Pub Date: March 25th, 1983
Publisher: Doubleday

In the belief that teenage suicide is a preventable health problem, the authors (a therapist and a freelance writer) offer an accessible, composed examination of this troubling phenomenon. They suggest that although there is no typical profile of children who attempt suicide, those who contemplate it tend to show certain behaviors or specific distress signals beforehand which parents can recognize; proper intervention can reverse the course.
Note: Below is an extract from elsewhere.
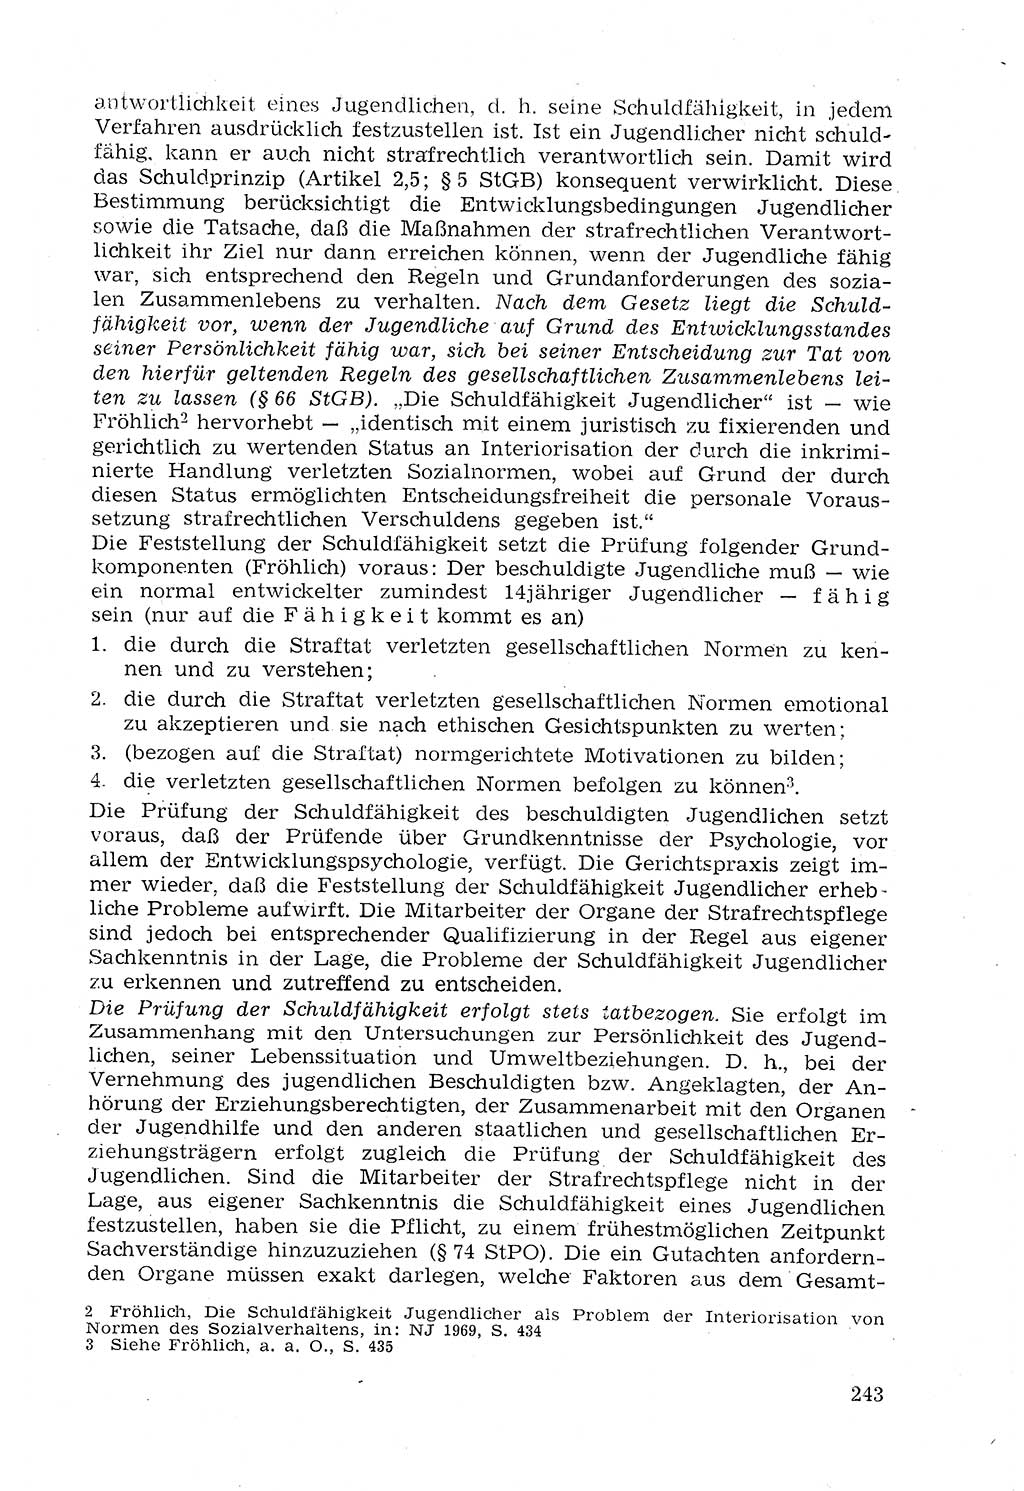 Strafprozeßrecht der DDR (Deutsche Demokratische Republik), Lehrmaterial 1969, Seite 243 (Strafprozeßr. DDR Lehrmat. 1969, S. 243)

Giffin and Felsenthal find blocked communication the most commonly shared element in the cases they discuss, and they fault some familiar scape-goats--working mothers in particular--for the rising suicide rate in America today. Their emphasis is generally appropriate (a section on the effect of media coverage of suicides is especially interesting); the format suits the intended non-professional audience; and the citations (from Ordinary People and Donahue transcripts as well as Alvarez, Hendin, and Plath) illuminate rather than pad the text. But statistics are sometimes used loosely or without sufficient documentation (""almost one of every three teens in the United States can be classified as a problem drinker"") and off-the-cuff remarks occasionally intrude upon the more helpful kinds of commentary (""The feminist movement seems to have left us with mothers who are striving to be more like fathers, with fathers who are as inattentive as they've always been, and with children who are definitely left out in the emotional cold""). Informed and satisfactorily organized, but pedestrian overall.